Вася сделал еще один шаг назад, споткнулся о груду лыжных палок и, не удержав равновесия, рухнул на них. Иона мягко приблизился к нему и поднес нож к Васиной груди.
— Ты что, командир? — просипел Вася сдавленным голосом.
— А вот теперь кровь пойдет в обратном направлении, сверху вниз, и никаких следов. Нужно будет только воткнуть палку в снег. Проехаться по трассе. Одного раза будет достаточно…
— Ты шутишь, что ли?
Нависшая пауза показалась Васе вечной. И только спустя несколько секунд Иона отвел нож от его груди и рассмеялся.
— Конечно, шучу. Что, испугался, брат Василий?
Вася перевел дыхание и недоверчиво хихикнул.
— А ты бы не испугался?
— Ну так как, берешь меня в соавторы?
— Еще подумаю…
— Что, так и будешь сидеть? Давай руку.
Иона помог ему подняться и поставил палку туда, откуда она была извлечена пятнадцать минут назад.
— Показательные порки устраиваешь, командир? Избиение младенцев шпицрутенами? — Вася уже пришел в себя, и к нему вернулась его обычная, чуть истерическая веселость.
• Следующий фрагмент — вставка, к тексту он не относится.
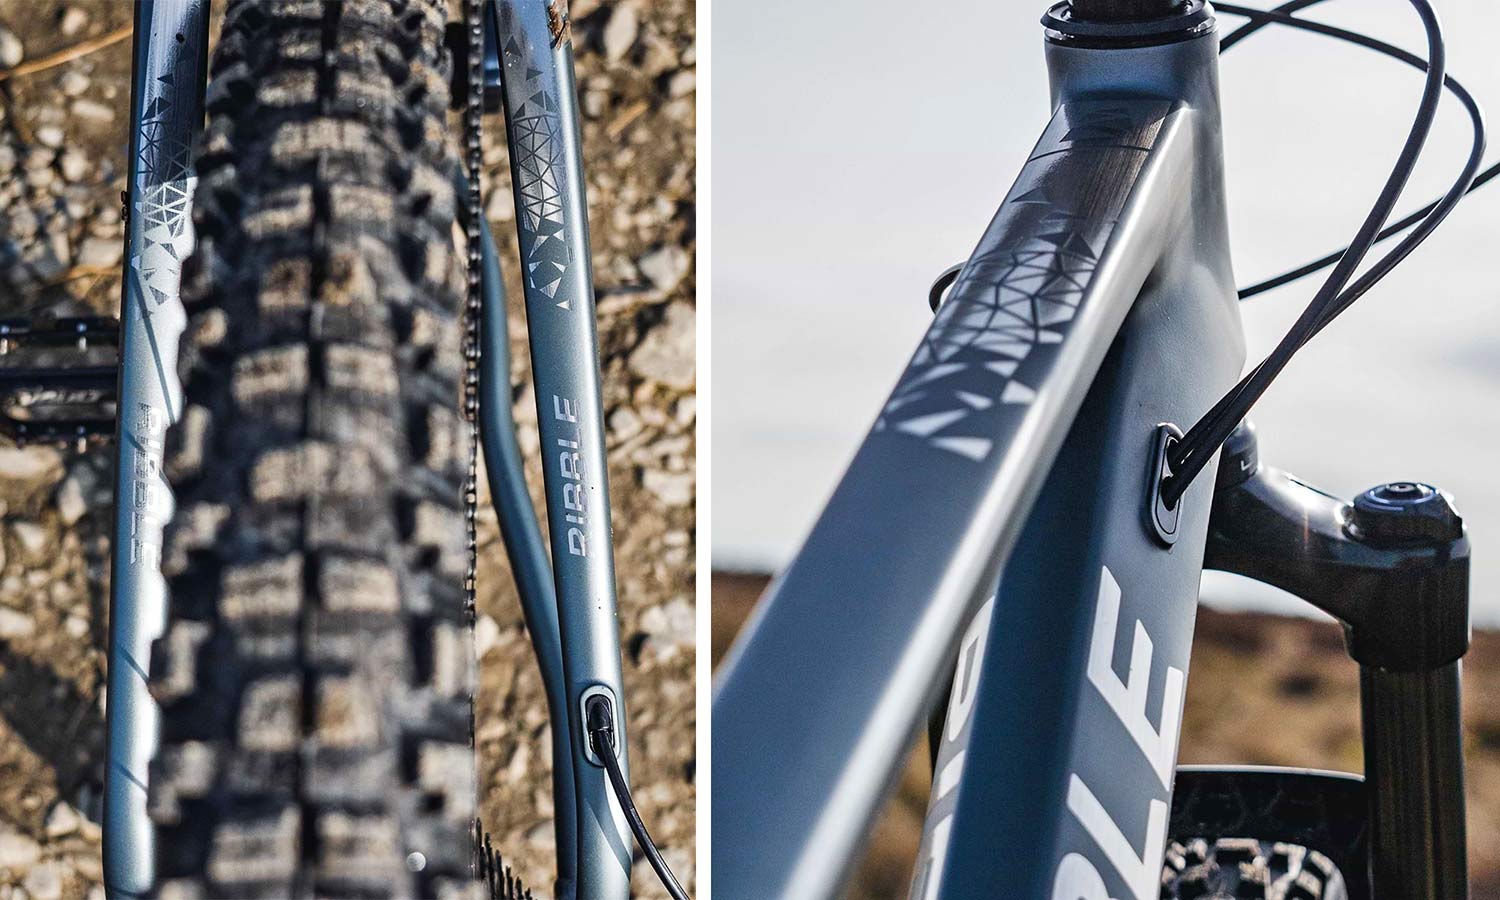 Ribble HT Trail AL 29 all-rounder hardtail 130mm fork mountain bike, frame details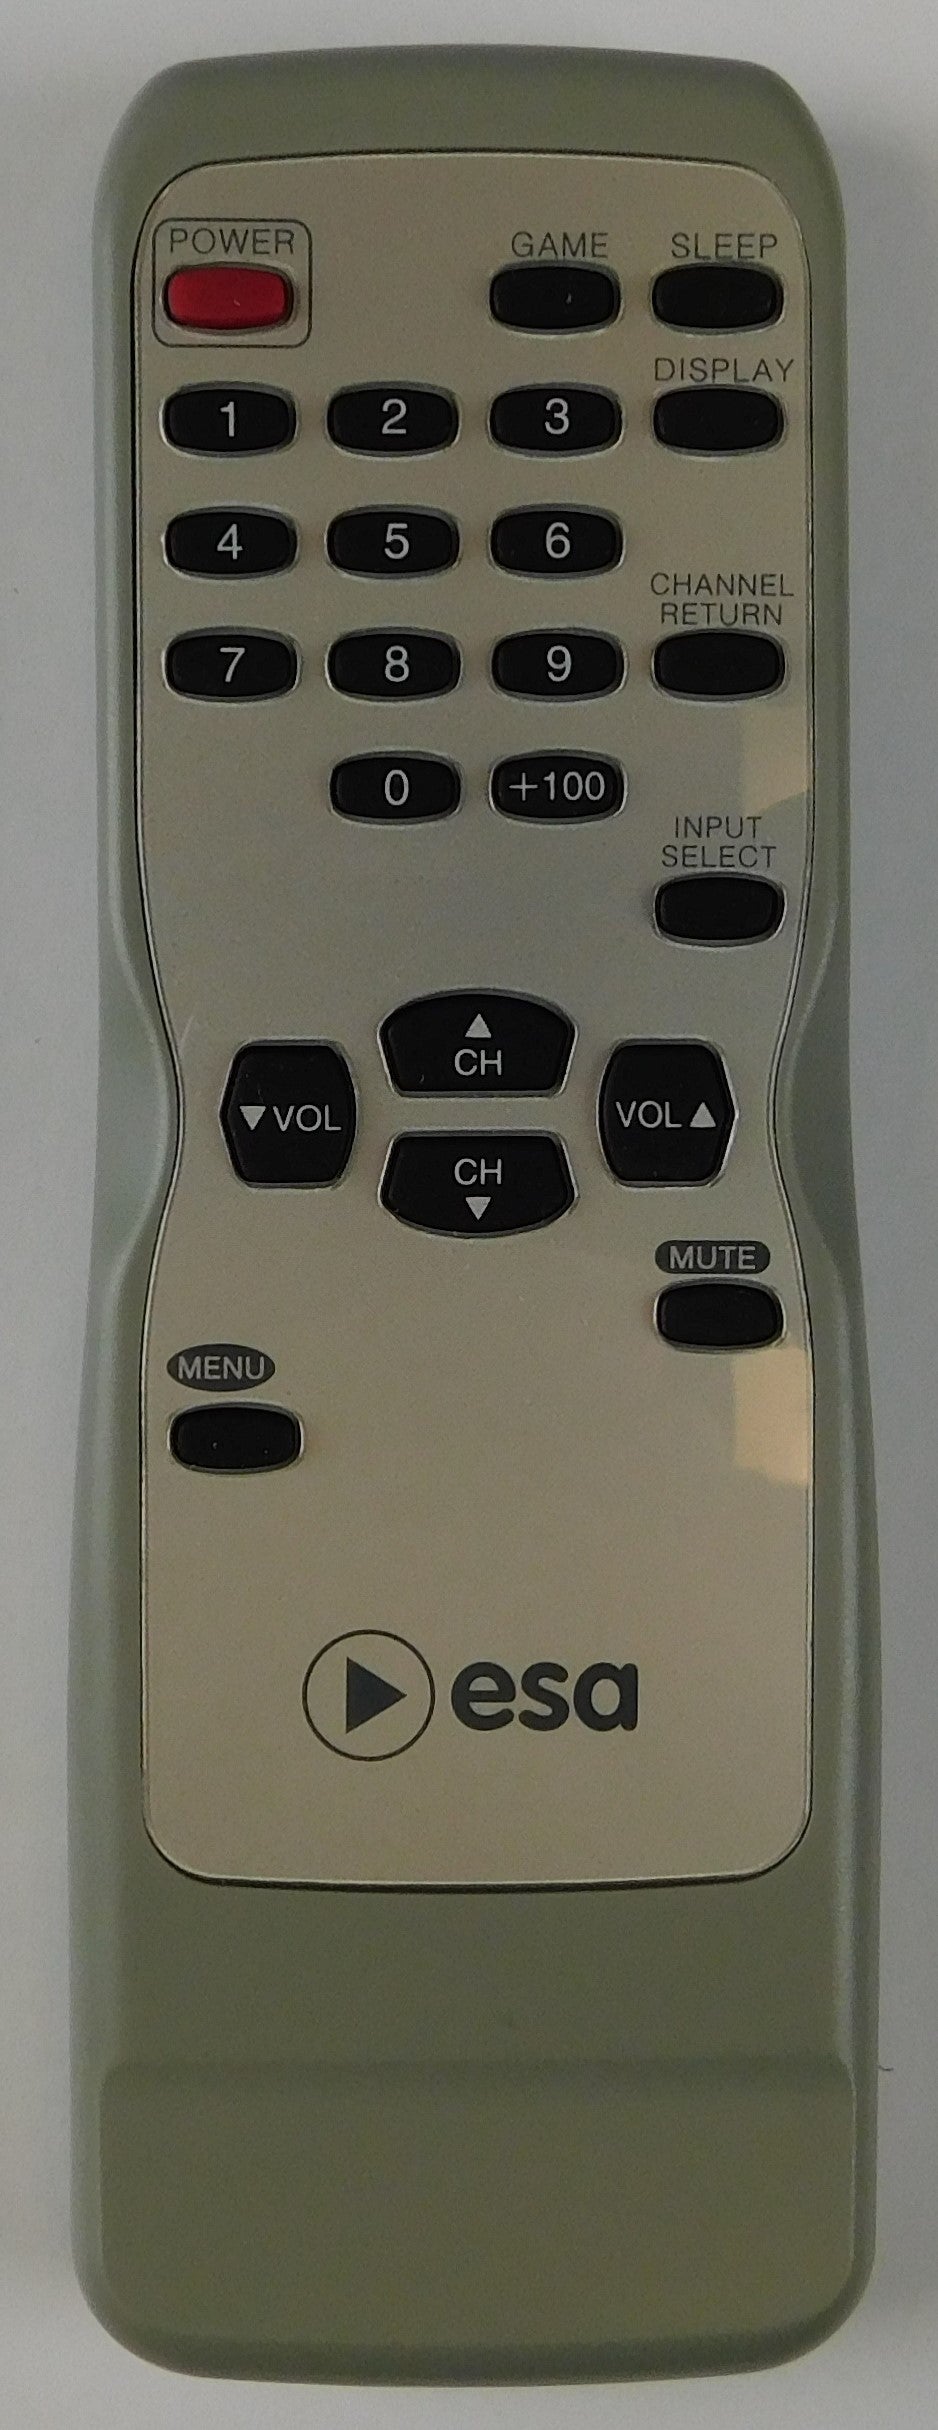 OEM replacement remote control for Durabrand, ESA, Emerson, Sylvania, Symphonic CRT TV NE147UD

— Это я к тому, комиссар, что не нужно прыгать выше головы и играть в частного детектива. Для этого всегда найдутся профессионалы, лучше нас с тобой. Тот же Звягинцев, ему по должности положено…
— Так что ты предлагаешь?
— Оставить так, как было. Мало ли, что это за палка… Может, нас вообще на смех поднимут. Звягинцеву, конечно, шепнуть стоит…
— Когда еще он оклемается!..
— Когда-нибудь оклемается. А сейчас лучше Навесить замок на это дело и благополучно обо всем забыть. И никому об этом не трепаться. Мало ли на кого нарвешься. Это я такой добрый.
— Это потому, что не ты этим ножичком воспользовался в свое время…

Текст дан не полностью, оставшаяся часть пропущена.